According to previous reports [1,2], ERCP may be unnecessary for almost half of the patients with ABP because of the large percentage of CBDSs that pass through the major papilla immediately after the onset of ABP. However, some patients with ABP need to immediately undergo ERCP to avoid clinical deterioration. In addition, after clinical improvement, residual CBDSs need to be removed using ERCP to prevent the recurrence of ABP. In other words, for the management of ABP, it is essential to determine whether ERCP is necessary or not in the “acute phase” and in the “remission phase”. ERCP in the acute phase, namely early endoscopic intervention (EEI), should be performed in patients with biliary obstruction and/or cholangitis, as indicated by current guidelines and the Cochrane systematic review [3–6]. For ERCP in the remission phase, namely elective endoscopic intervention (elective EI), it should be performed only if CBDSs are detected using initial imaging studies, including computed tomography (CT), or additional imaging studies, such as endoscopic ultrasonography (EUS) and magnetic resonance cholangiopancreatography (MRCP), after clinical improvement.
In the above-mentioned situations, some issues with respect to the management of ABP remain controversial. First, the indications for EEI described in the guidelines may be inconclusive because the severity of biliary obstruction, cholangitis, and pancreatitis are not reflected, although the performance of EEI in clinical practice is generally determined on the basis of the severity of these clinical factors. Second, the optimal imaging modality for determining the need for elective EI after clinical improvement has not been specified in the guidelines. Therefore, we conducted this retrospective study to elucidate the two above-mentioned issues concerning ABP by reviewing our experience with treating patients with ABP.
MATERIALS AND METHODS
Patients
This study was approved by the Sendai City Medical Center institutional review board (registration no. 2016-42). Of 632 consecutive patients who were admitted to our medical center with a diagnosis of acute pancreatitis between January 2010 and December 2015, 148 patients retrospectively diagnosed with ABP were included in this study.

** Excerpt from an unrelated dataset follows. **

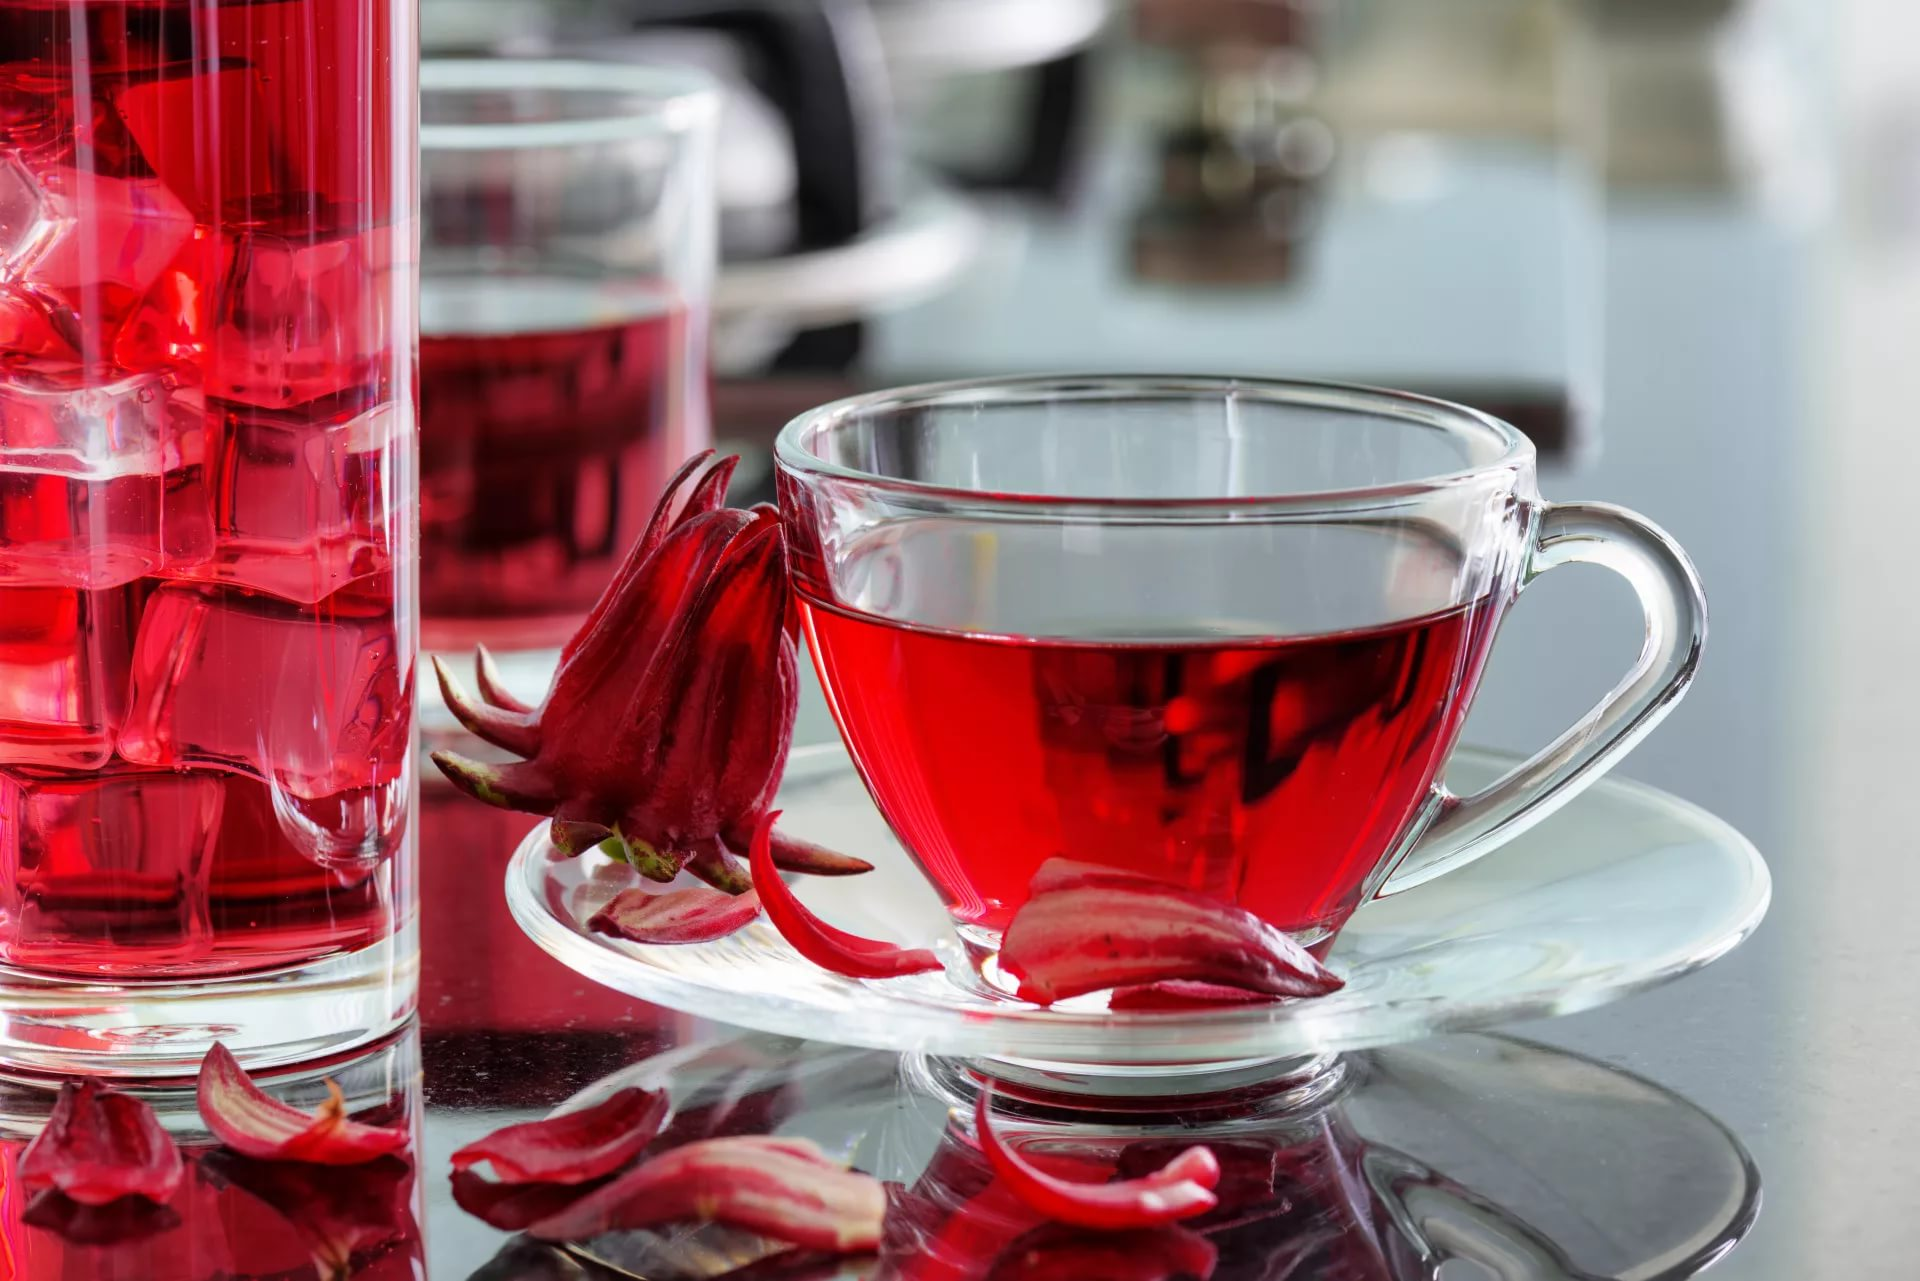 Турецкий растворимый чай: виды, из чего состоит, как заваривать порошковый напиток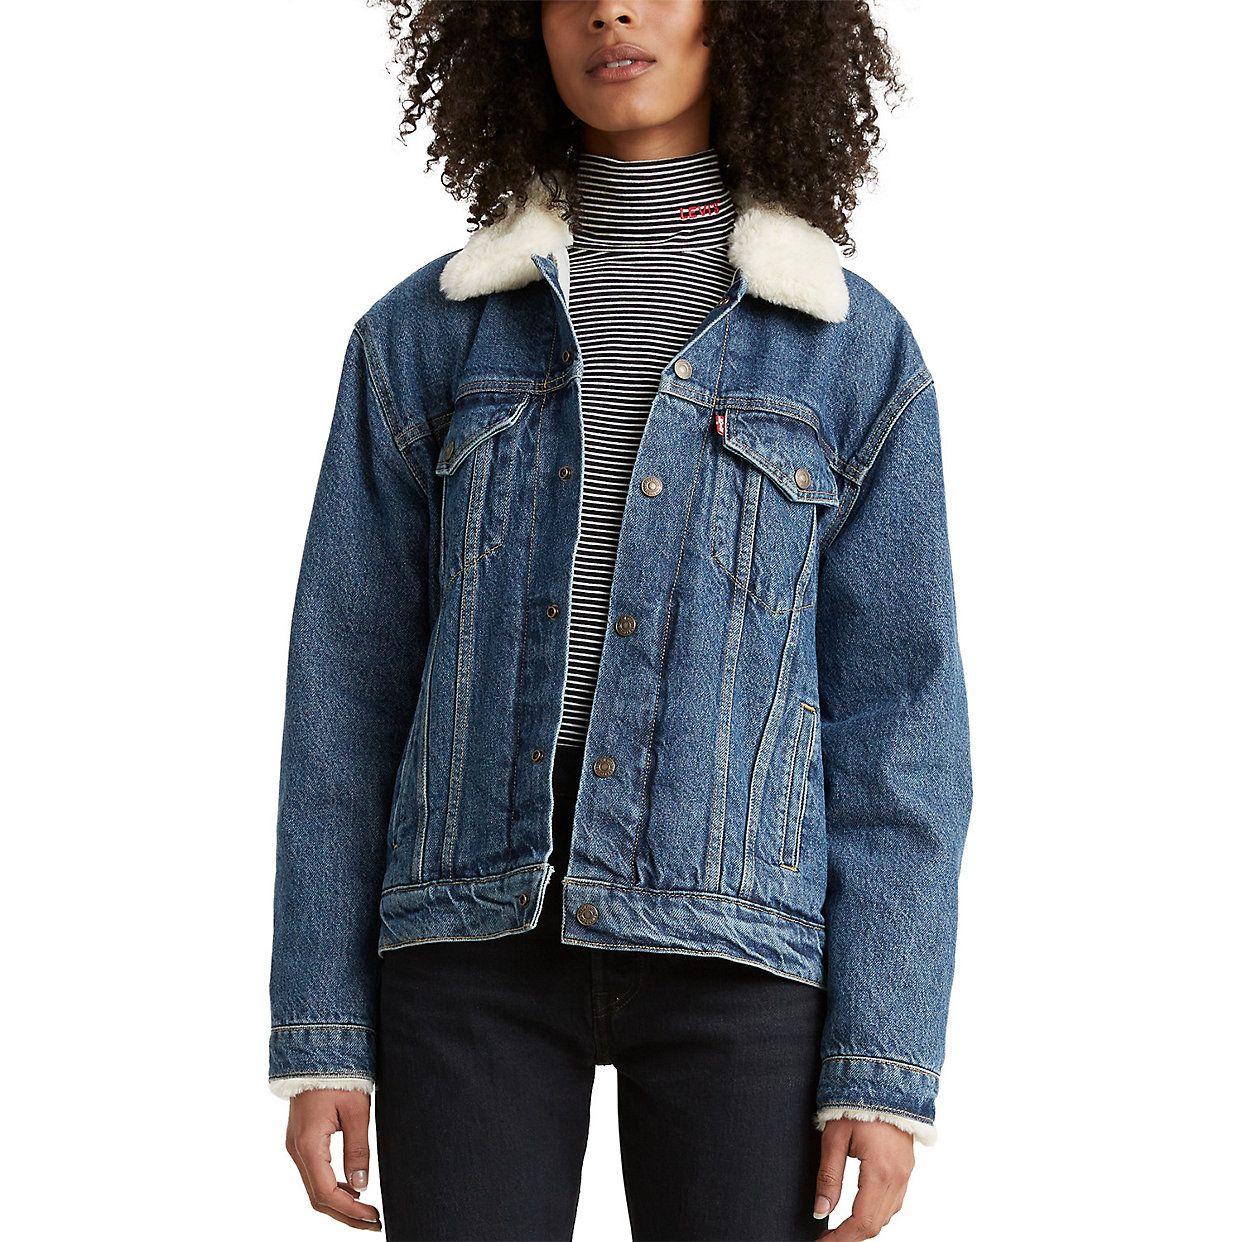 Women S Levi S Sherpa Lined Ex Boyfriend Trucker Jacket Jacket Outfit Women Denim Women Denim Jacket Trend [ 1242 x 1242 Pixel ]

On the basis of the diagnostic criteria of acute pancreatitis in the 2015 Japanese Guidelines [3], a diagnosis of acute pancreatitis requires two of the following three features: 1) abdominal pain associated with acute pancreatitis, 2) elevated serum levels of pancreatic enzymes, and 3) presence of acute pancreatitis detected on CT on admission (initial CT). The severity of acute pancreatitis was evaluated on the basis of the 2015 Japanese Guidelines criteria [3]. In this study, a diagnosis of ABP was made on the basis of the 2010 Japanese Guidelines criteria [7], and patients with other causes of acute pancreatitis, including autoimmune pancreatitis, alcohol abuse, pancreatic cancer, and chronic pancreatitis, were excluded. In addition, the severity of acute cholangitis associated with ABP was determined on the basis of the severity assessment criteria for acute cholangitis in the Tokyo Guidelines 2013/2018 (TG13/TG18) [8,9].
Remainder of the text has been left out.